Growth of the C. diphtheriae wild type and mutant derivatives in Mn. (A) Line diagram indicating the deletions introduced into C. diphtheriae for the mntA-R locus. Dashed lines indicate the region of DNA removed in each respective mutant. (B) Overnight growth of strains in mPGT with MnCl₂ supplementation as indicated, measured by OD₆₀₀ (n = 4). (C) Growth of the wild-type strain carrying empty vector (pKN2.6Z) and the ΔmntR strain with either empty vector or mntR clone (pKNmntR) in mPGT with MnCl₂ supplementation as indicated.

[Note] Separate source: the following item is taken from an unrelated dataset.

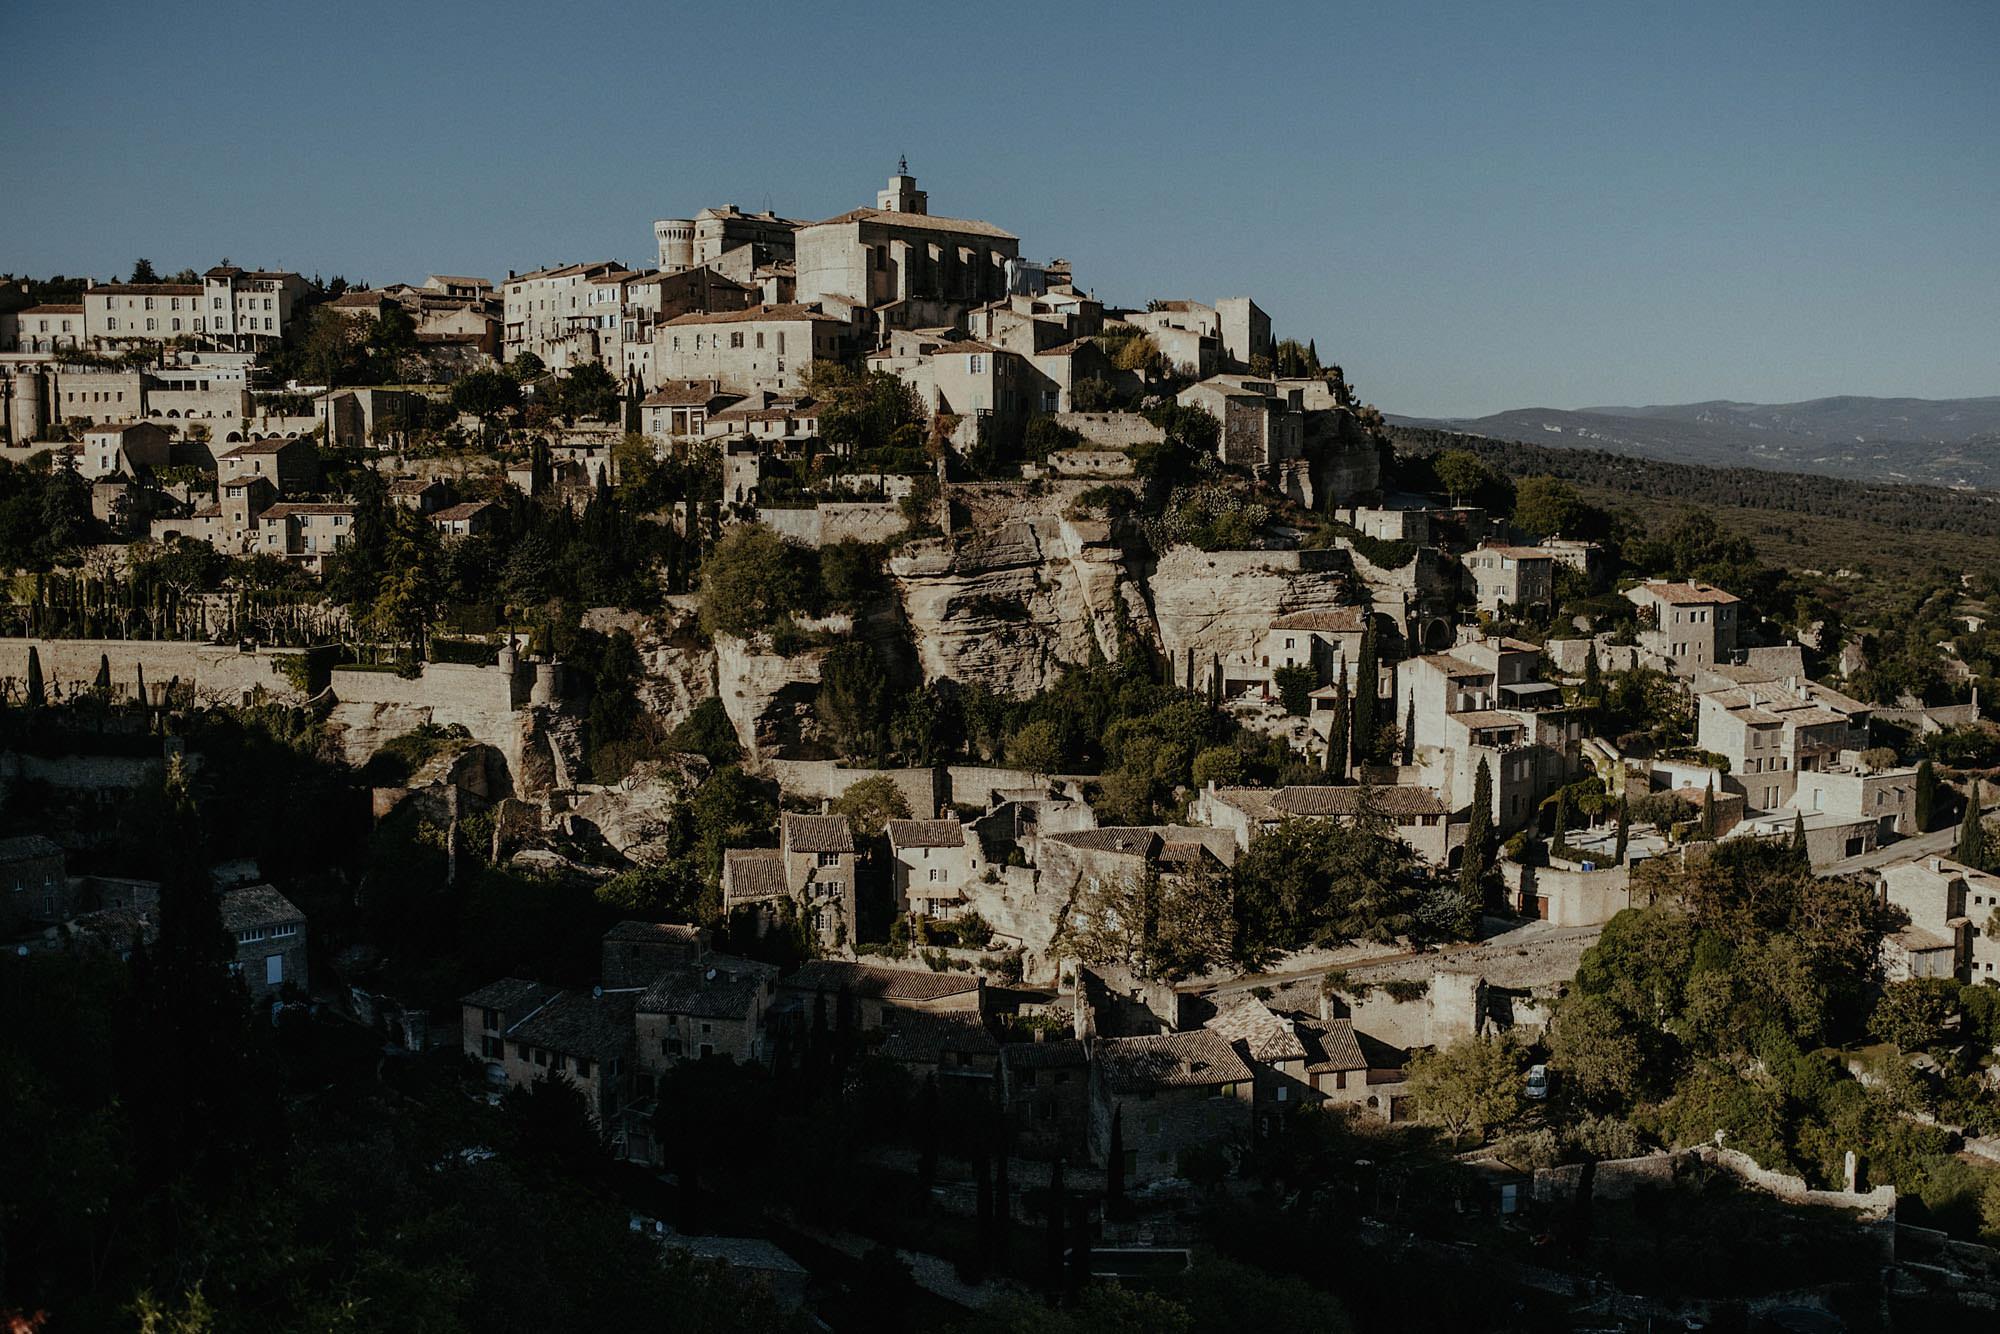 gorde provence france city photo
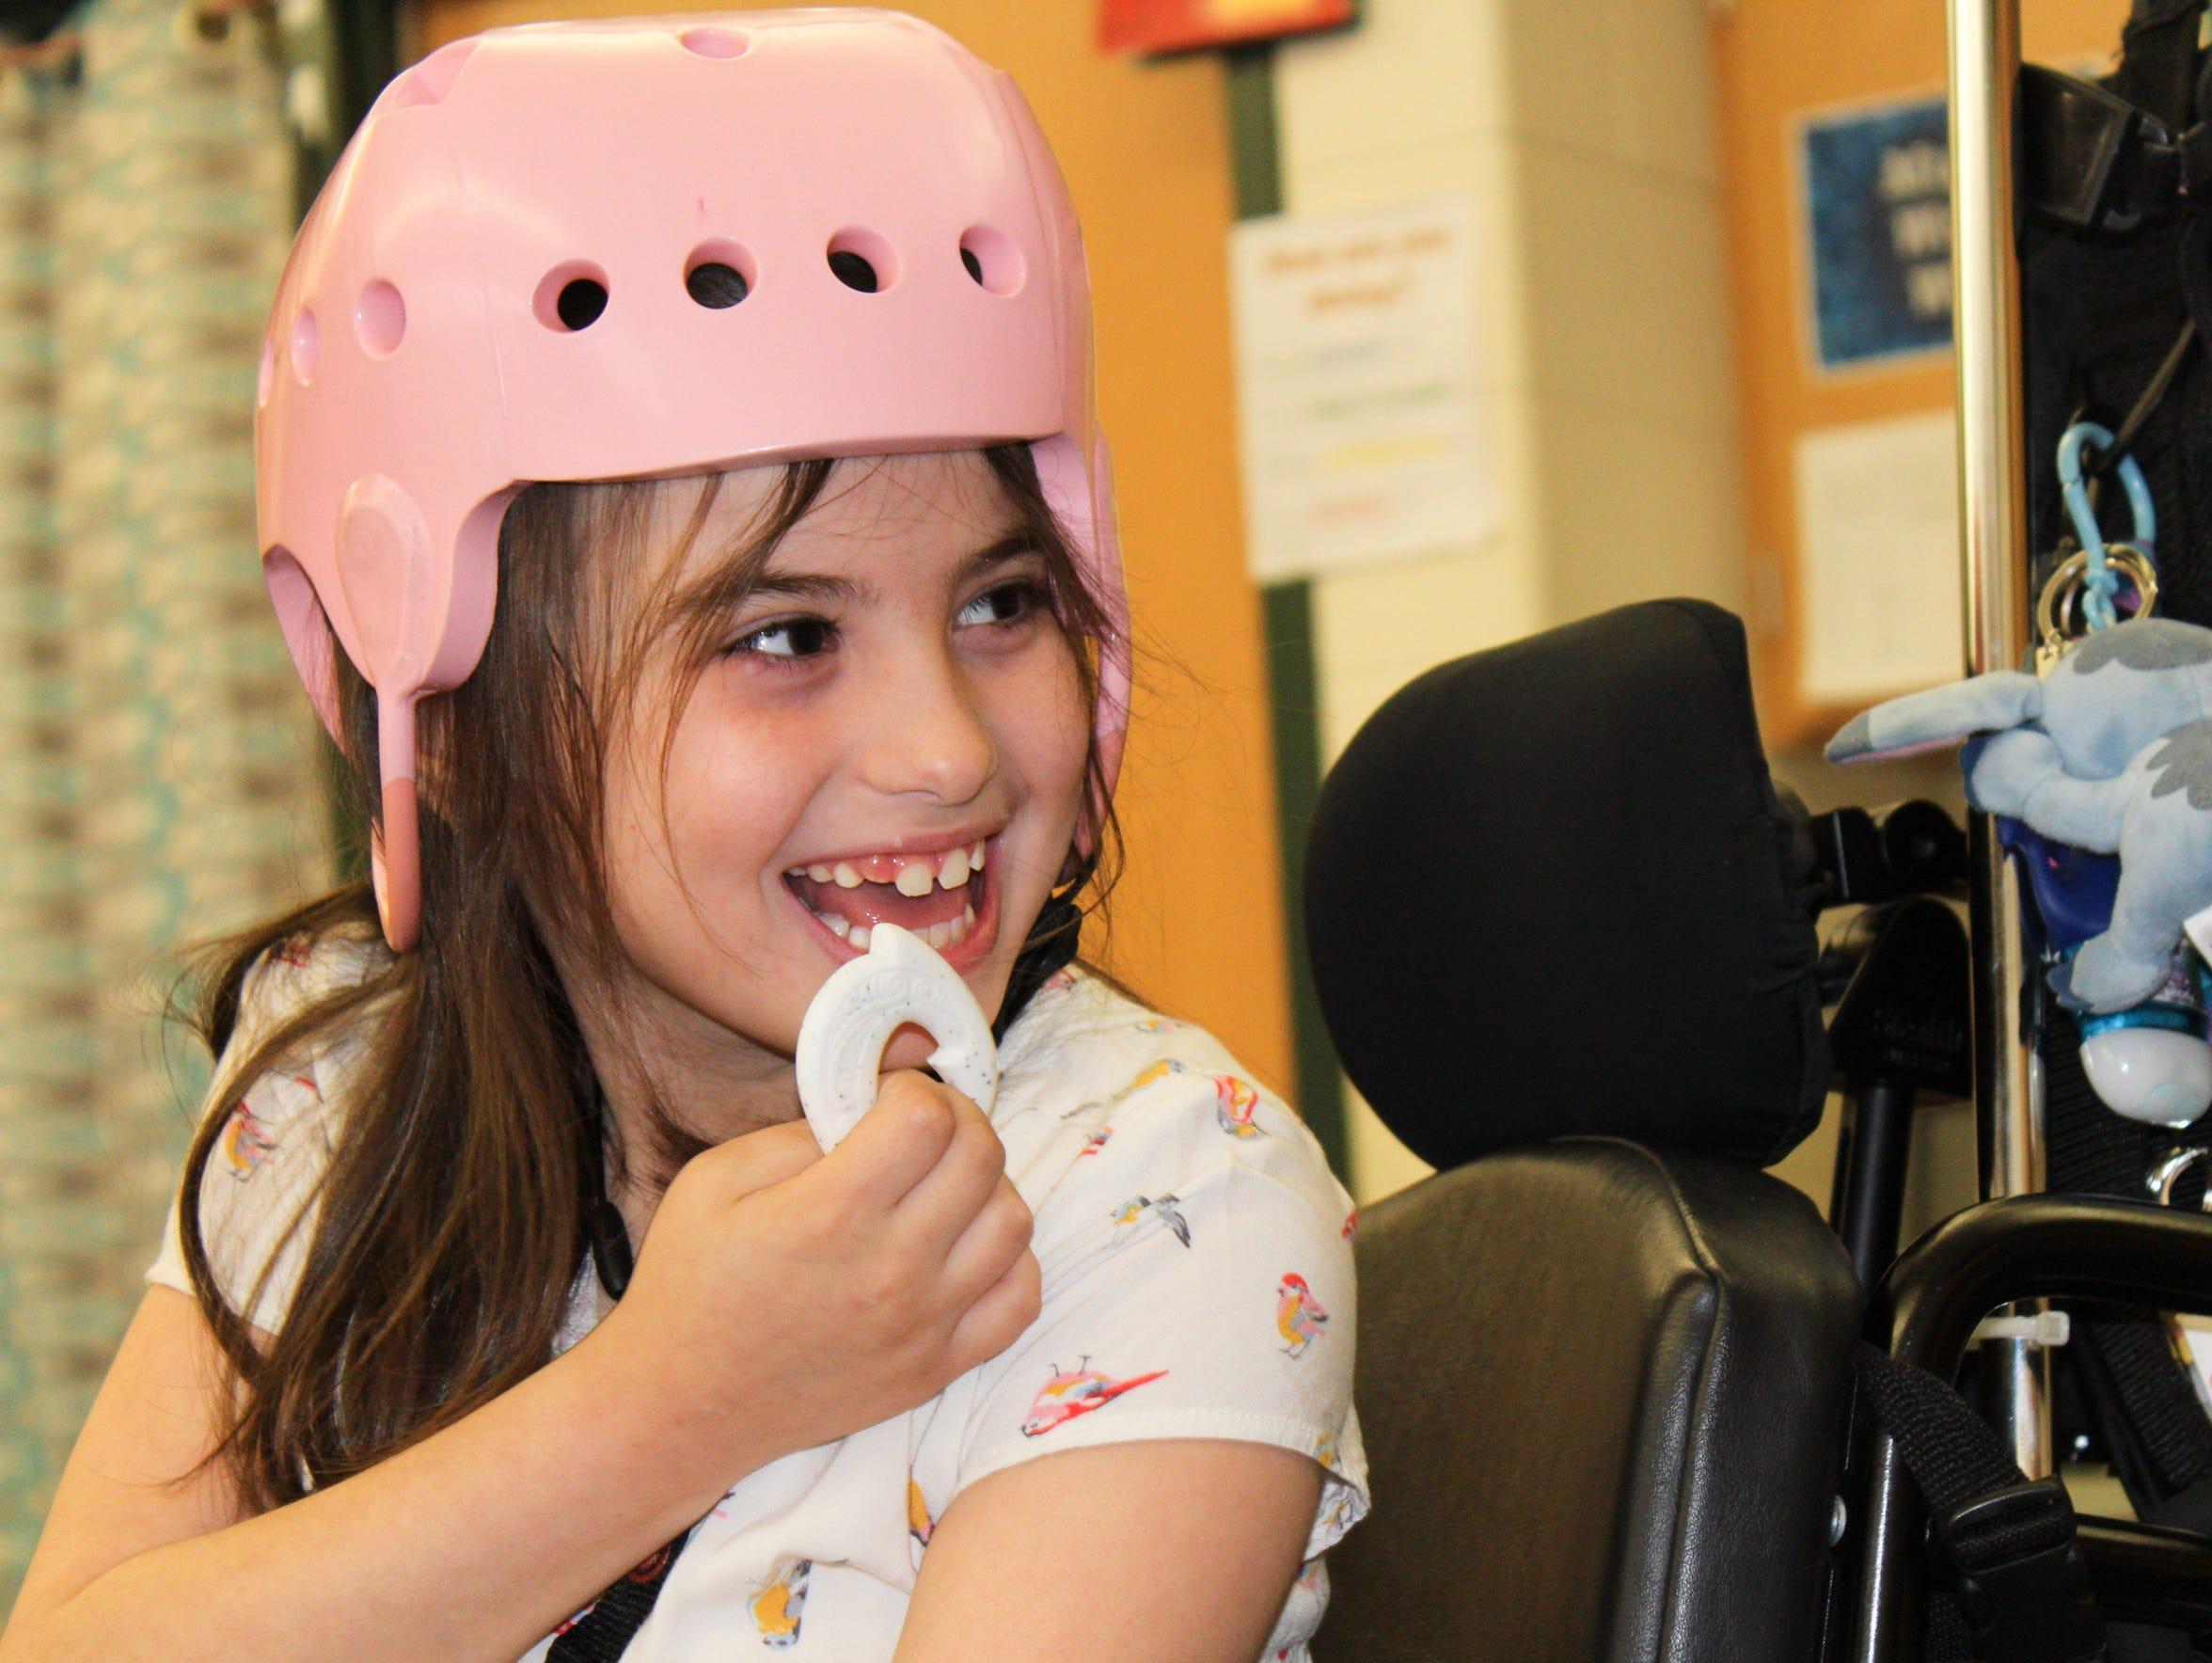 Julianna Shubert, 7, participates in music class at

Data are the means and standard deviations from biological replicates (n = 3). Statistical significance comparing the corresponding wild-type growth and indicated strain (by color) determined by Holm-Sidak’s multiple-comparison test: *, P < 0.05; **, P < 0.01.

FIG 6

MntA-D is responsible for C. diphtheriae CdCl₂ sensitivity. (A) Wild-type or mutant strains as indicated were seeded in HIA and filter discs with 10 μl of 1 mM CdCl₂ were placed over the agar. Plates were incubated overnight at 37°C, and the diameters (mm) of the zone of clearance were measured. Data are the means and standard deviations from biological replicates (n = 4); only nonsignificant comparisons are noted. (B) Strains were grown in HIBTW with CdCl₂ added at the final concentrations indicated, and the optical density (OD₆₀₀) was measured following overnight incubation; data are the means and standard deviations from 3 biological replicates. (C) Wild-type or mutant strains with plasmids as indicated were seeded in HIA, and agar assays were performed as described for panel A. (D) Strains with the indicated plasmids were grown in HIBTW with CdCl₂ as for panel B; data are the means and standard deviations from 3 biological replicates. (A and C) Significance for data was assessed by Holm-Sidak’s multiple-comparison test. NS (not significant), P > 0.05; all other comparisons were significant. (B and D) Statistical significance comparing the corresponding wild-type growth and indicated strain (by color) determined by Holm-Sidak’s multiple-comparison test: *, P < 0.05; **, P < 0.01; ****, P < 0.0001.